After his escape he'd lived as a cougar, hiding during the day and stealing food at night. He'd realized he had nowhere to go and no one to help him. He didn't know any other shifters, and he had been scared to search them out. But he couldn't live as a cougar in a place populated with humans. He'd scented the humans everywhere, and only constant vigilance had kept him from being discovered. He hadn't even known what city or state he had been in. Barely a week had passed when he'd scented a group of fox shifters. It had been night, and being hungry and wretched, Travis had approached them. They had been afraid at first, but once Travis shifted and lay helpless on the sidewalk, the fox shifters had helped him and nursed him back to health. One of them, the female alpha, Trixie, had asked questions but Travis never answered them. He'd stayed for a month, but Travis knew he couldn't live with them permanently. Revenge had never been far from his mind, and he had sensed that they would not go to war. And he needed an army, not a ragtag group of peaceful shifters, no matter how kind they were.

There was only one place where he would find that army and where he would feel some ounce of safety. A place where he might find a home.

Haven.

A town made up of shifters, the location hidden, even from most shifters. And those in the know didn't tell just anyone. But his parents had known, and they had told him. He now had a long journey ahead of him. Alone. A journey to Montana.

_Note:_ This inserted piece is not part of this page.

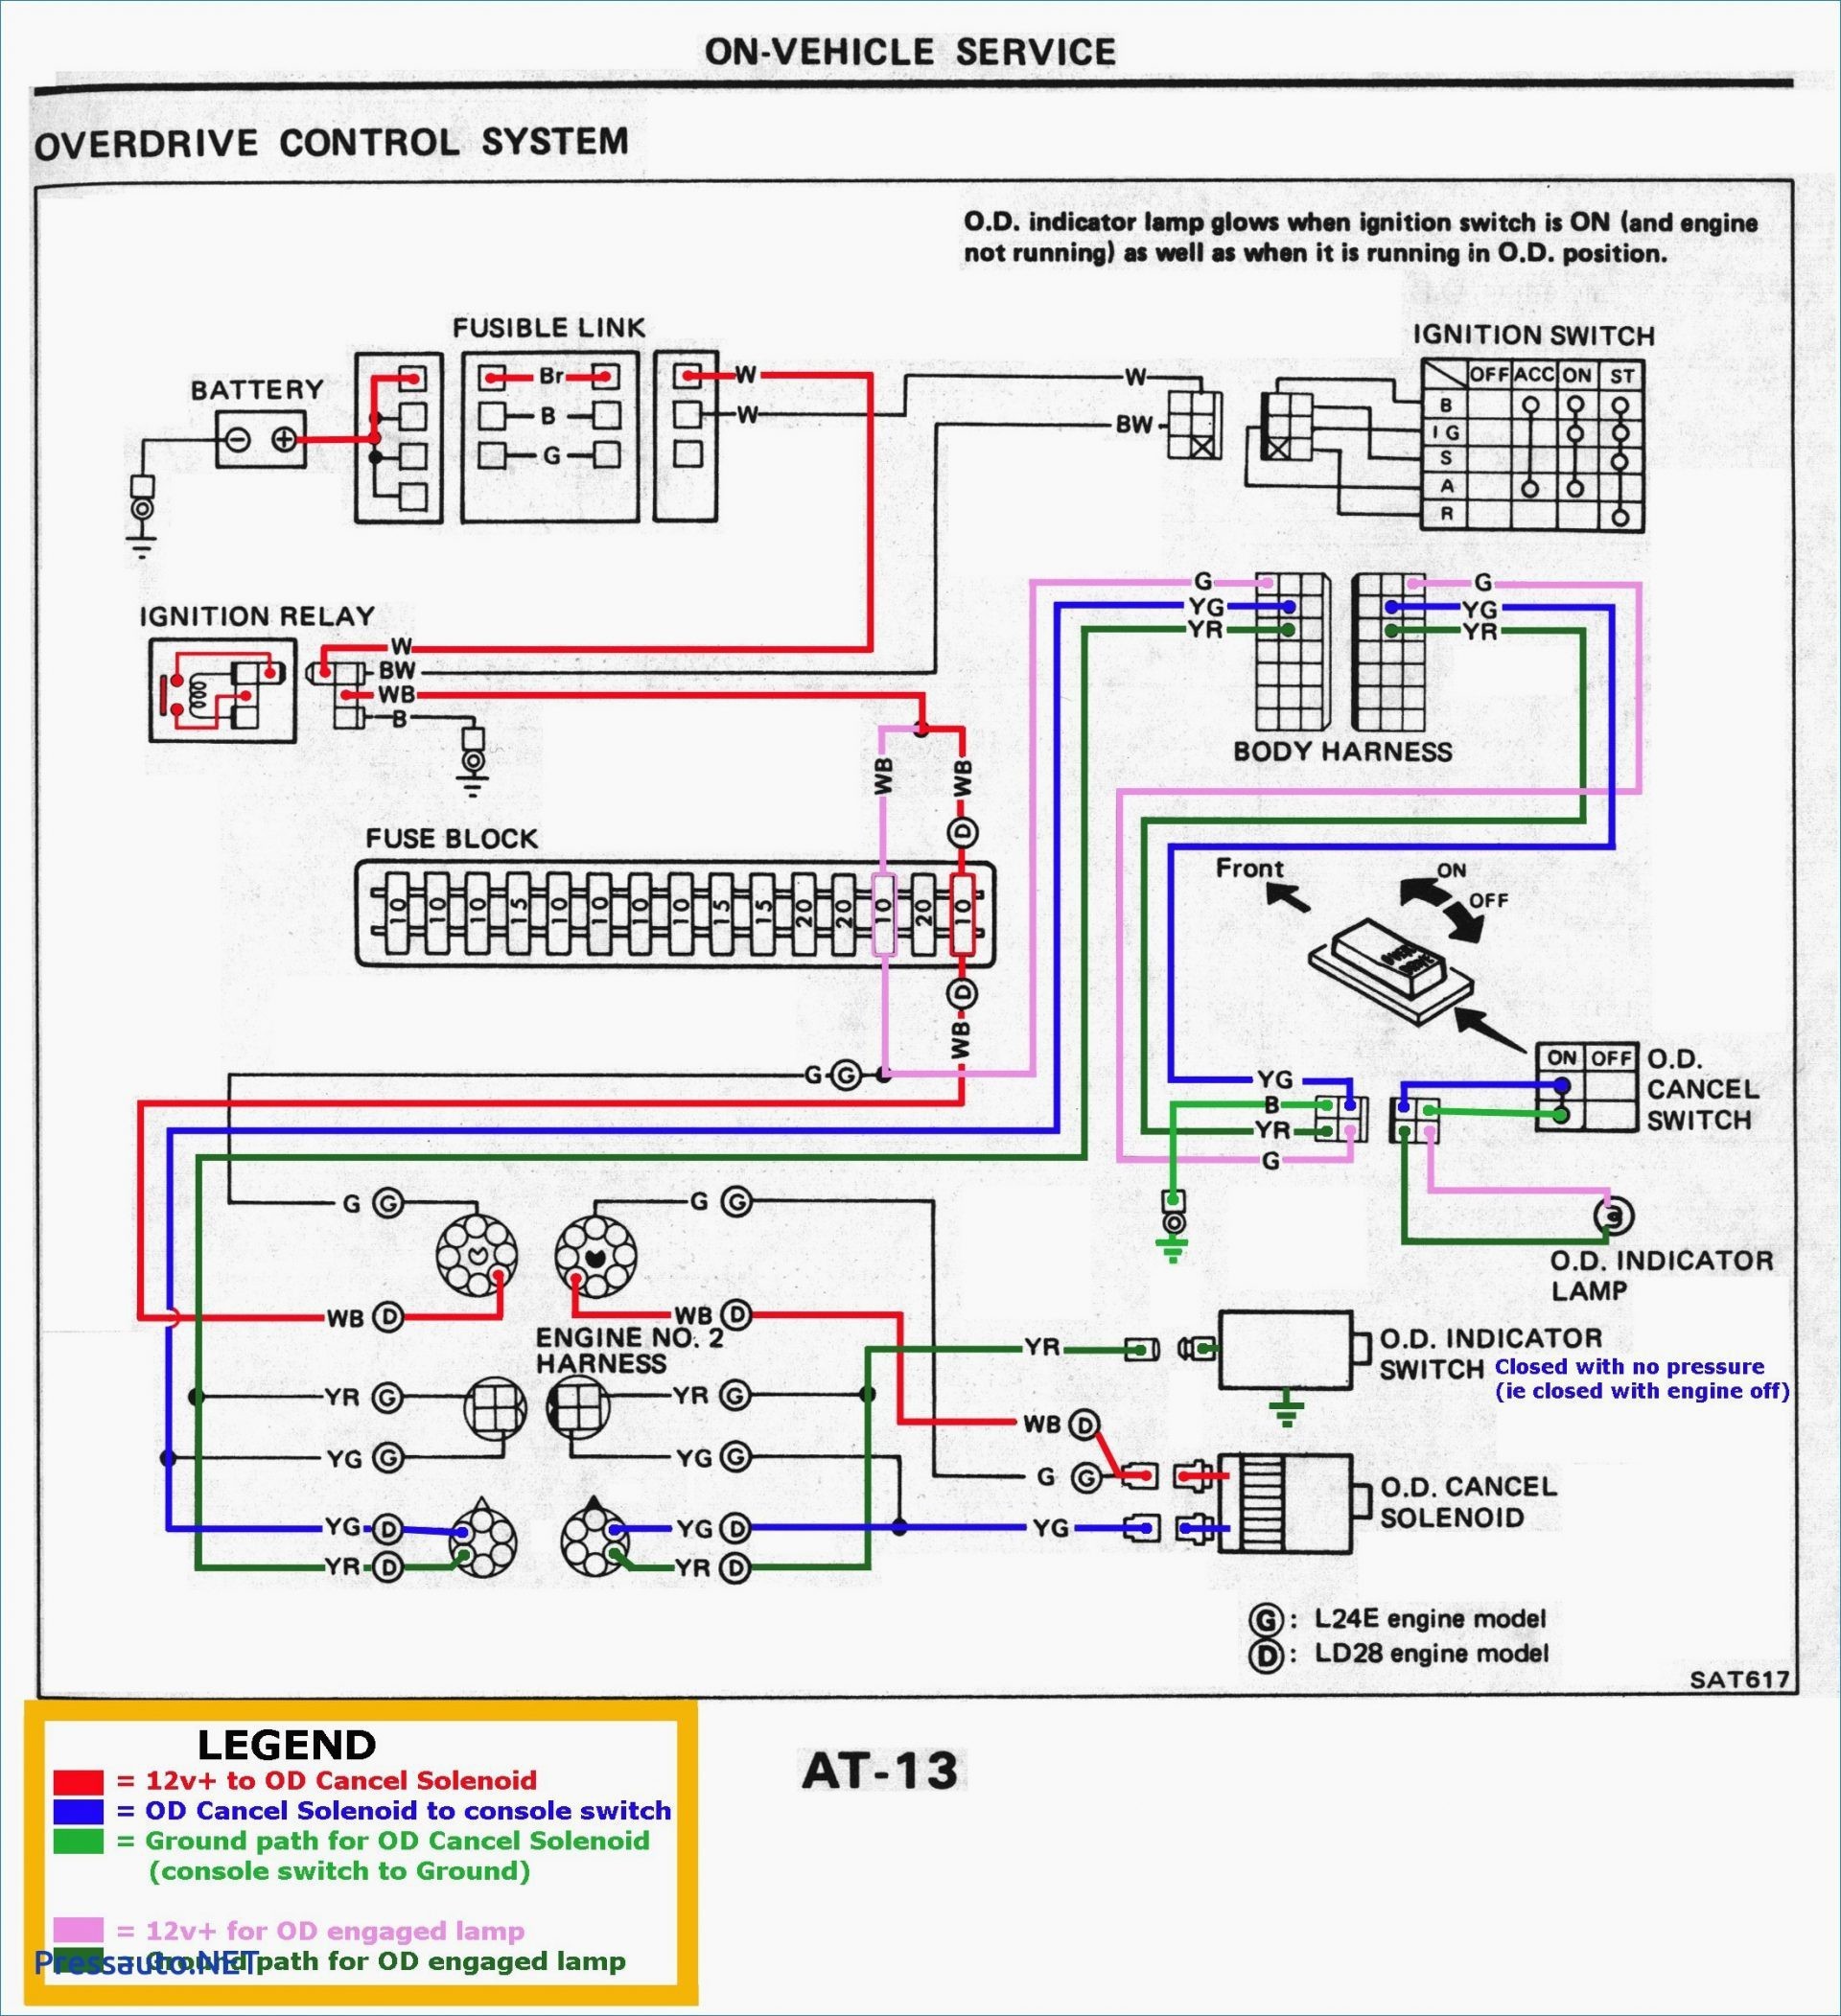 2004 Chevy Silverado Wiring Diagram 2004 Silverado Trailer Wiring Diagram Electrical Circuit 2002 Chevy Of 2004 Chevy Silverado Wiring Diagram

While part of him felt like a coward and hated himself because he felt he was running away, the other part knew it was the only logical action to take. He had no advantage over the shifter-haters, and he was vulnerable without his sight. Before he could take them on, he had to learn how to live without that vital tool.

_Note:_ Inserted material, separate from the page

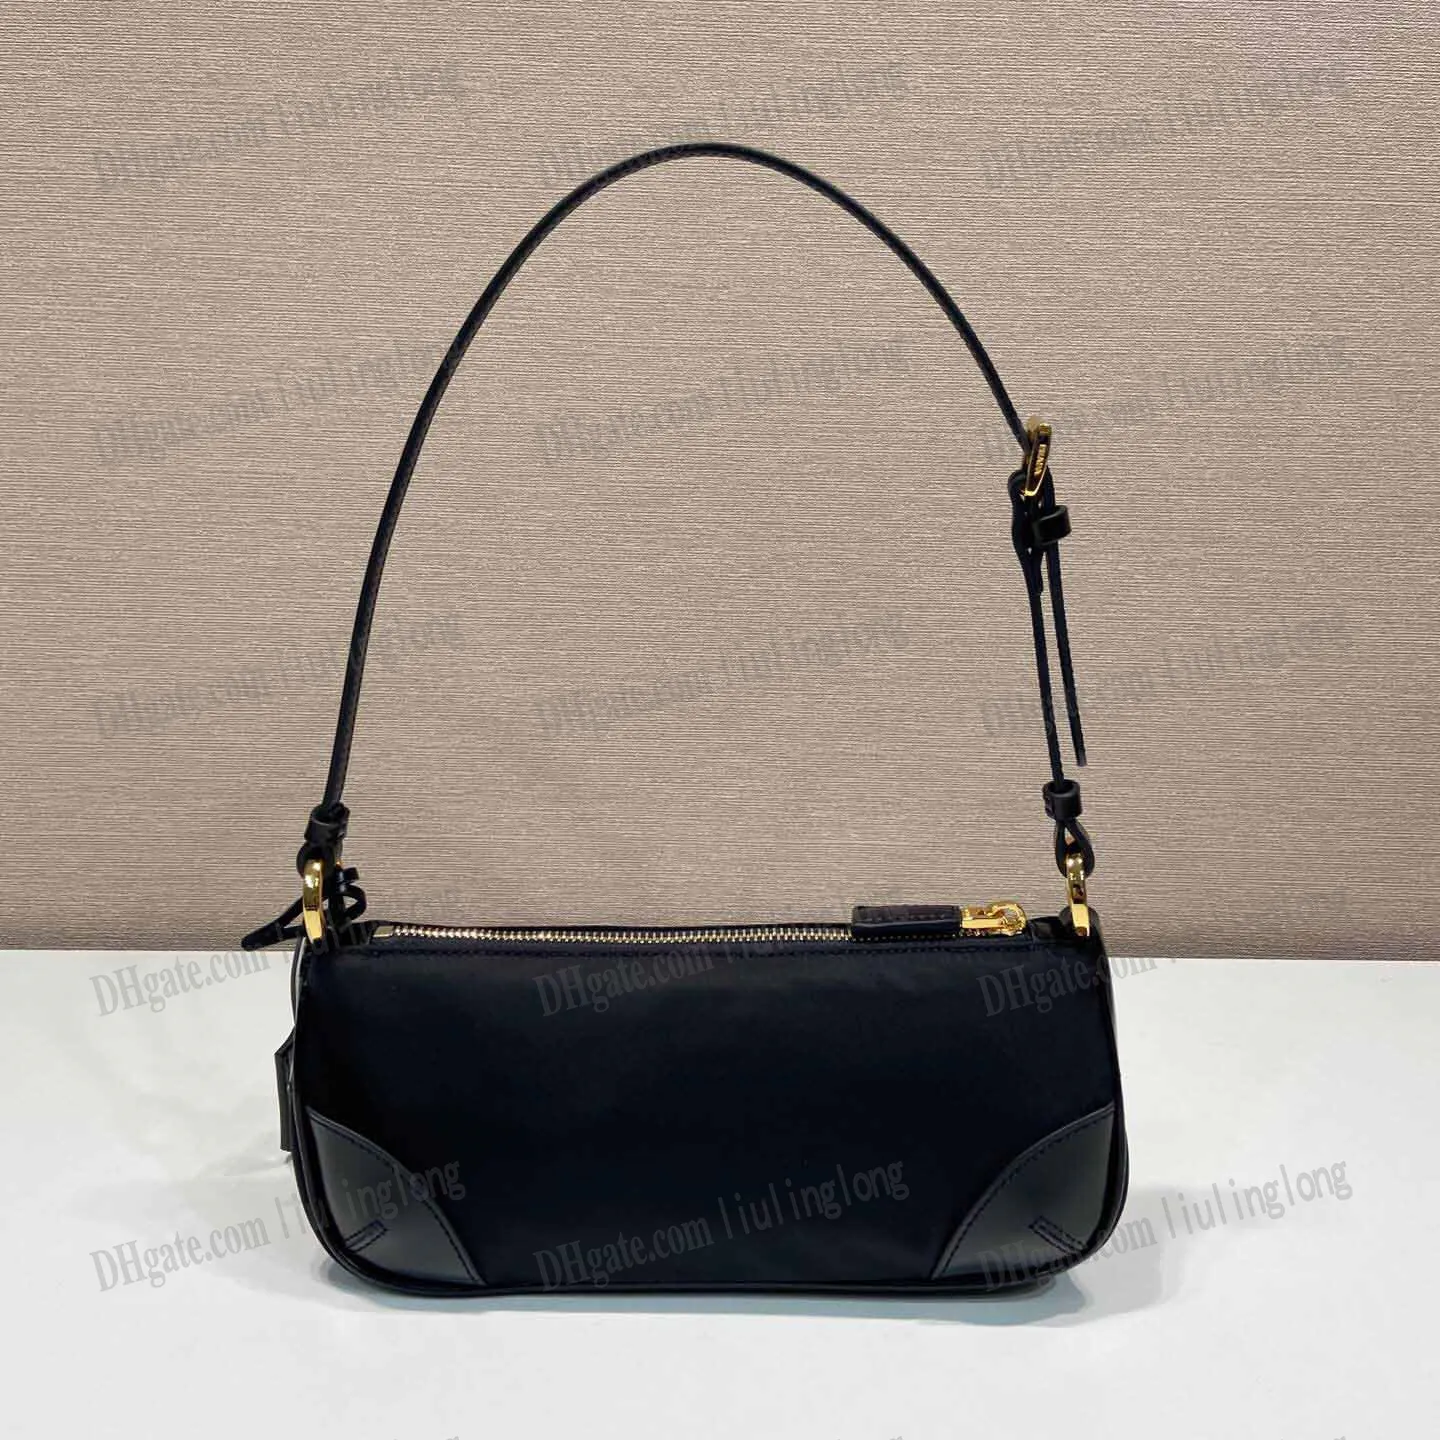 Nylon reedition 2002 Re-dalon i szczotkowane skórzane luksusowe torby designerskie torby na ramię kobiety Czarna torba do torebki torebki hobo torebki lady torebki

His parents also would have wanted him to go there. They always told their children about the town of Haven and that if anything ever happened to them, the children were to go there. Travis considered this their dying wish.

Travis's throat closed and he dug his fingernails into the palm of his other hand, trying to stop the tears that burned his destroyed eyes. He'd already shed tears for his family, and no amount of crying would help him or bring them back, Tears were an indulgence he could not afford; they were useless and made him weak.

Travis was on his own, and he could only pray that perhaps, someday, he would get justice for his family.